Two home games to come this week will do much to set the tone for the remainder of the season, but there’s little to be afraid of in Derby and Birmingham. Nor, really, as it turns out, should we have been so scared about coming to Nottingham Forest.
Forest: Samba 6; Cash 7, Figueiredo 6, Worrall 6, Ribeiro 7; Watson 6, Silva 6 (Carvalho 78, -); Lolley 6, Ameobi 7 (Yates 60, 5), Diakhaby 6 (Mighten 71, 6); Grabban 5
Subs not used: Jenkinson, Dawson, Walker, Muric
Bookings: Diakhaby 54 (foul),
QPR: Kelly 7; Rangel 7, Hall 6, Barbet 7, Manning 7; Cameron 6, Ball 7; Osayi-Samuel 6, Eze 6 (Amos 88, -), Pugh 7 (Chair 76, 6); Hugill 6
Subs not used: Lumley, Kane, Masterson, Clarke, Oteh
Bookings: Rangel 63 (foul), Hugill 76 (foul), Osayi-Samuel 90 (delaying restart)
QPR Star Man – Angel Rangel 7 I was going to give this to Manning, who kept a difficult flank of Joe Lolley and Matty Cash under control, ably assisted by Marc Pugh who’s played quite well the last couple of games. But I’m a bit of a Manning fan boy, and wary of my bias getting the better of me, so I look to the other side where the recent upturn in defensive performances has coincided with the return of Rangel, very steady and experienced here with two goal line clearances in the second half thrown in for good measure. Can he do two games in four days though?

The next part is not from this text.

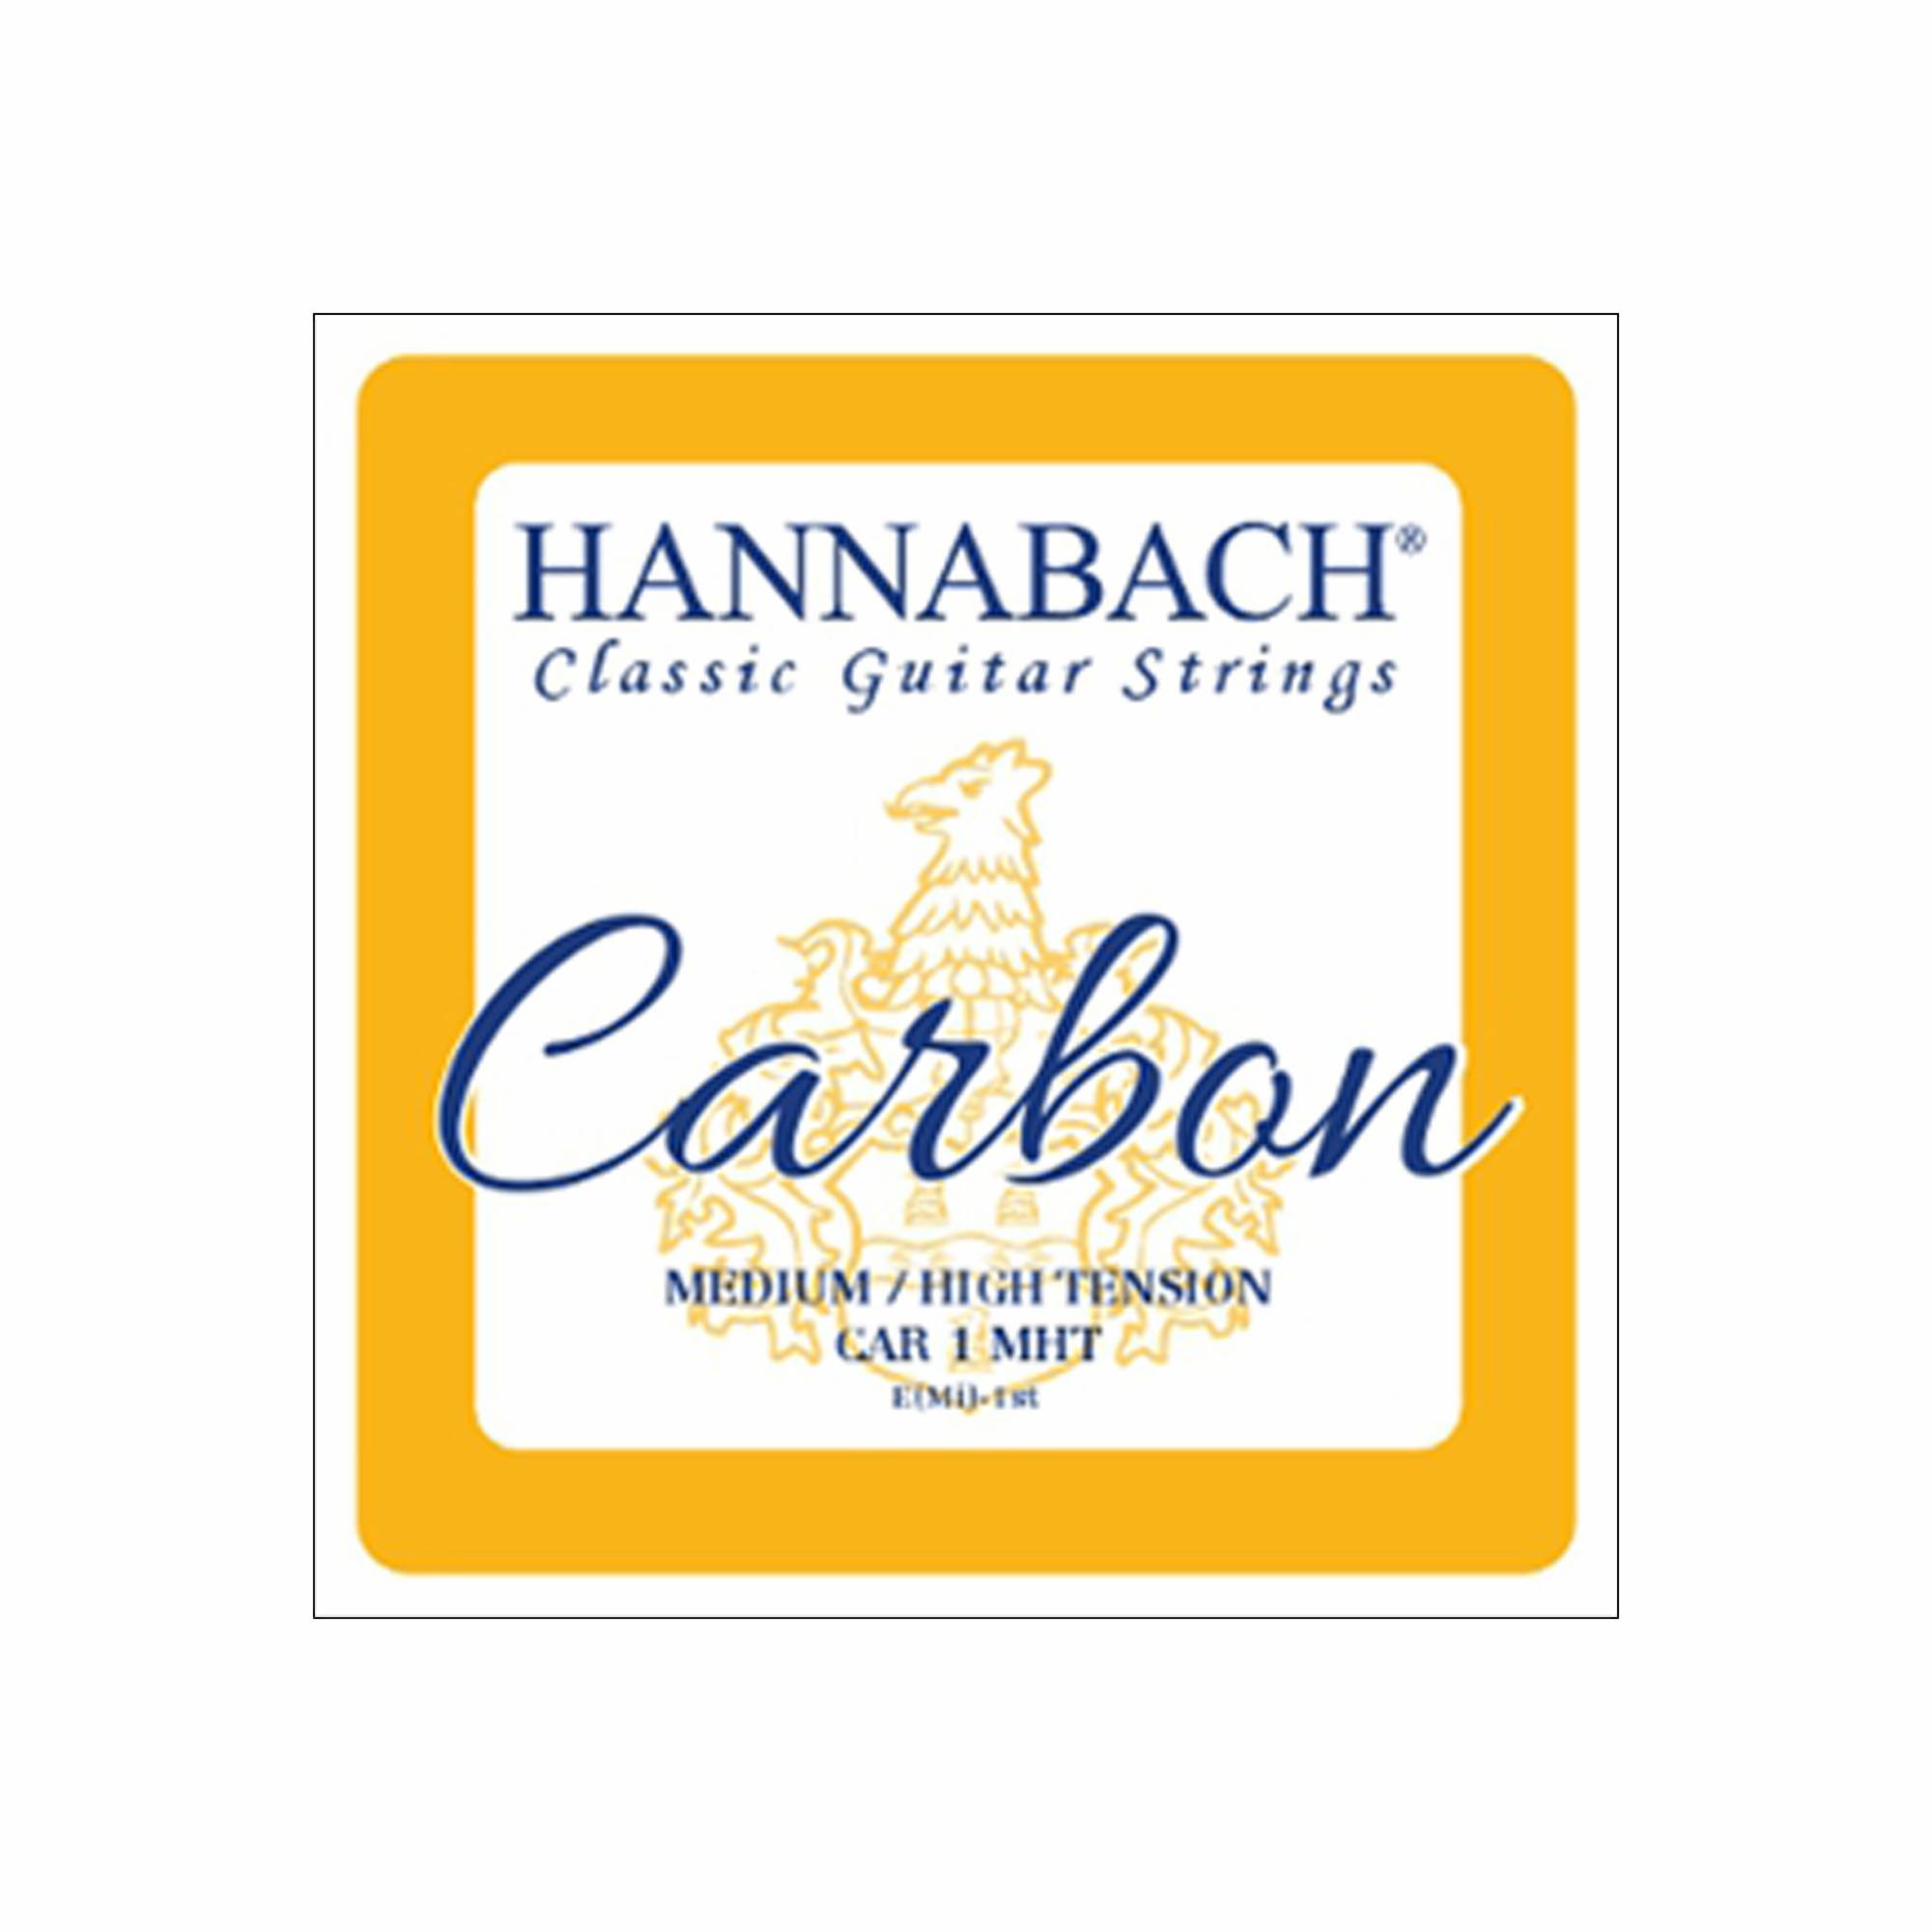 Hannabach Carbon Guitar Strings

Referee – Robert Jones (Merseyside) 7 One or two quibbles and niggles – letting people take free kicks from wherever they pleased, not booking Dom Ball when by our count he was on the thick end of half a dozen fouls by the end of the game – but the big decision in the game was judged correctly, bravely, and overall he was pretty decent.
Attendance – 28,750 (1,459 QPR) For all the grandstanding about “another sell out at The City Ground” and the giant flag parade that greeted the two teams at the start, the atmosphere seemed to die away awfully quickly once the game had got started and, considering Forest are still well in the promotion hunt as the season rounds its final bend, the home crowd were very quick to start getting on the back of their own team when things didn’t immediately go swimmingly for them. All of which, naturally, played into QPR’s hands.